We were told that it would take a week for them to decide and announce who they were choosing to fill the position. How things can change in a blink of an eye is amazing to me on this chain of islands! My interview was over at 11:30 a.m. —- at 2:17 p.m. I received a email telling me that they were able to make a decision early then anticipated and that I WAS NOT THE CHOICE.

So I think—OK—good for her! My colleague and I will have a good time working together and life will go on.

Wrong! A bitter—ego check pill was to be swallowed in the next few hours.

The Transition Specialist for our district is a person who worked in our district as Jr. High School ESE teacher for 7 years or so—I do not know her or anything about her. I am baffled——because as our Transition Program lead teacher, I work with teachers in the Jr. High and High Schools to determine students  who will eligible for the program when they  turn 18 —- I have never worked with this person, nor attended professional development sessions, meetings or conferences regarding the topic of Transition with her. I tend to move about the state and seek out training that is specialized to the topic of Transition because we are limited in our district offerings. I have not met this person in my Transition Travels. I am sure she has qualifications and  there things in her career experiences that I can learn from and will be open to all she has to offer, yet to be honest I am  very confused about how to move forward, as the Transition Specialist has historically worked closely with me.

Now —Ego Check in place—the first reaction of anger subsided–full acceptance of the fact that the people “downtown” do not want what I have to offer, puts me in a difficult place.

Over the summer, lots of self reflection, admitting to myself that I am good—I am the kind of professional that any district would love to have—-other ESE directors in the state have tried to recruit me over the years, but my dedication and loyalty to this chain of island has kept me rooted to the rock. Today as I meditate on the upcoming school year—anticipate seeing more growth in the youth I work with—- I realize that the deep loyalty and passion is shifting—-it is still there for my youth and families—-I will continue to move heaven and earth to help them become independent young adults in their community.

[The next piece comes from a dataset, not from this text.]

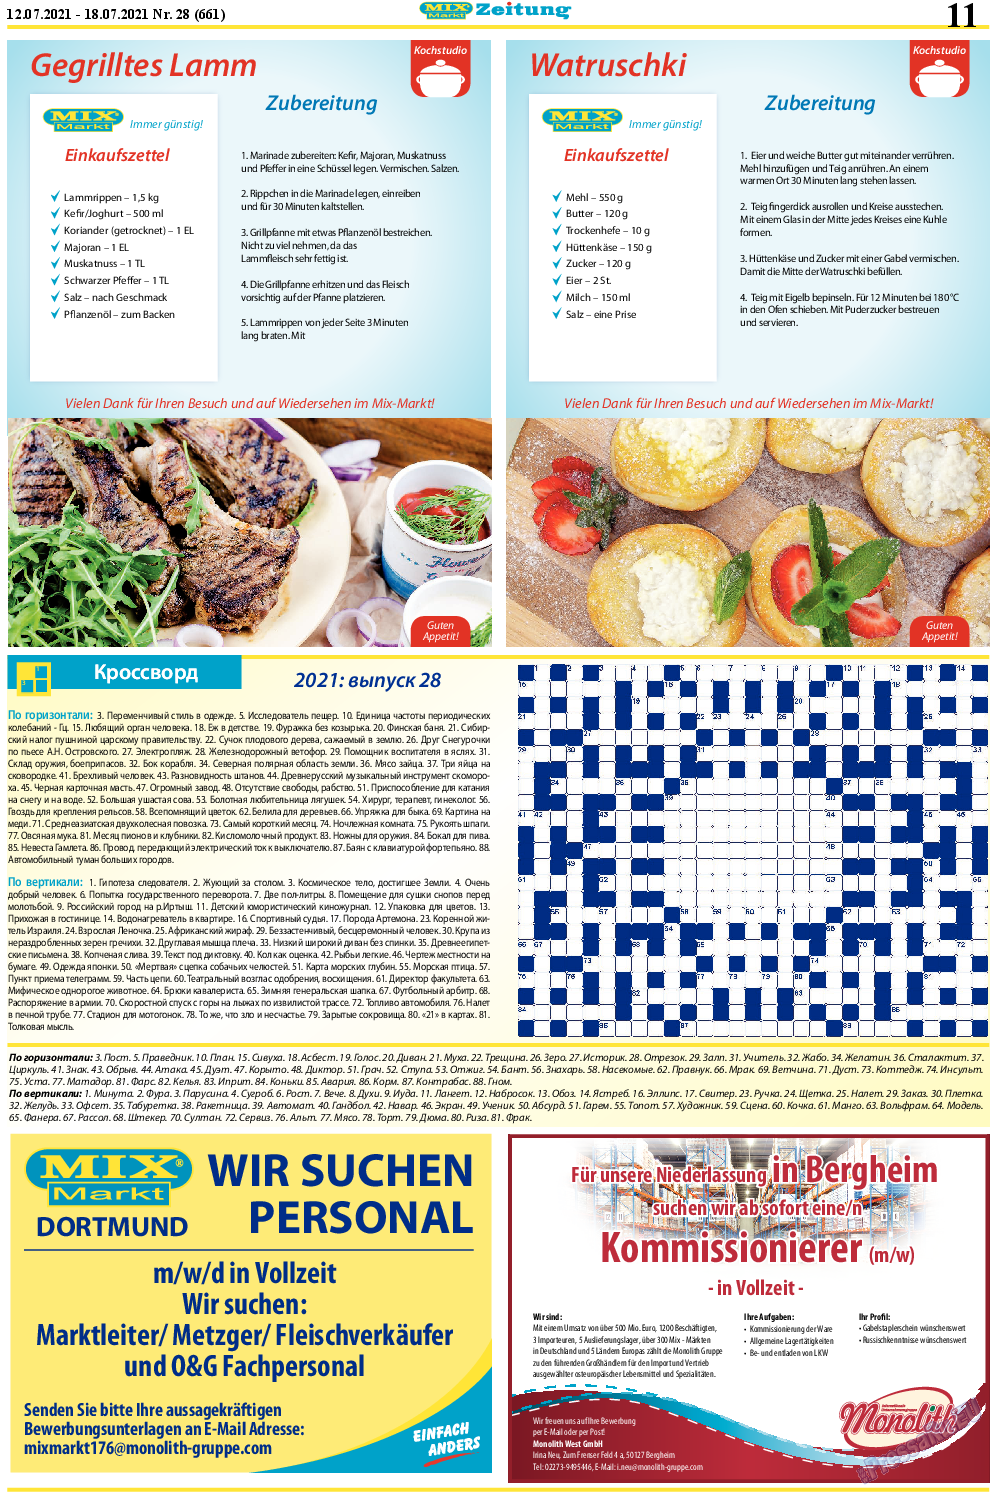 MIX-Markt Zeitung, газета. 2021 №28 стр.11

But the passion that motivated me to put in the unpaid time it takes to create a feather in the districts cap—cultivate community supports, meet with families, work with the college to adapt classes—develop programs—all out of the scope of my job definition as “just a teacher” is waning—facing the prospect of  more pay cuts–I question how willing am I to continue to do the things I have been doing for this district.  In the past few days, I have spent over $350.00 in my own money for items we will need in the TIES program on the first day of school. Am I willing to continue to lose money and spend my own money to give this district a shinning star of a program as a feather in its cap?

As I ask these questions of myself, I cannot help but wonder if it is time to move on? Are there other youth and families waiting for me somewhere?

Only God can answer this question—-the summer of quiet and staycation has been spent in tight communication with Him—He led me to apply for the Transition Specialist/Family Liaison position—He sustained me through the process of taking a big risk——-openly declaring my desire to move on to my superiors was scary—putting myself in a position to be rejected was scary–He sustained me—I know He will give me the answers to these questions rolling around inside

Until those answers become clear——-I am jumping into the 2012-2013 school year with both feet

Jumping into the HAPPY PLACE——Free of the SCARY PLACE!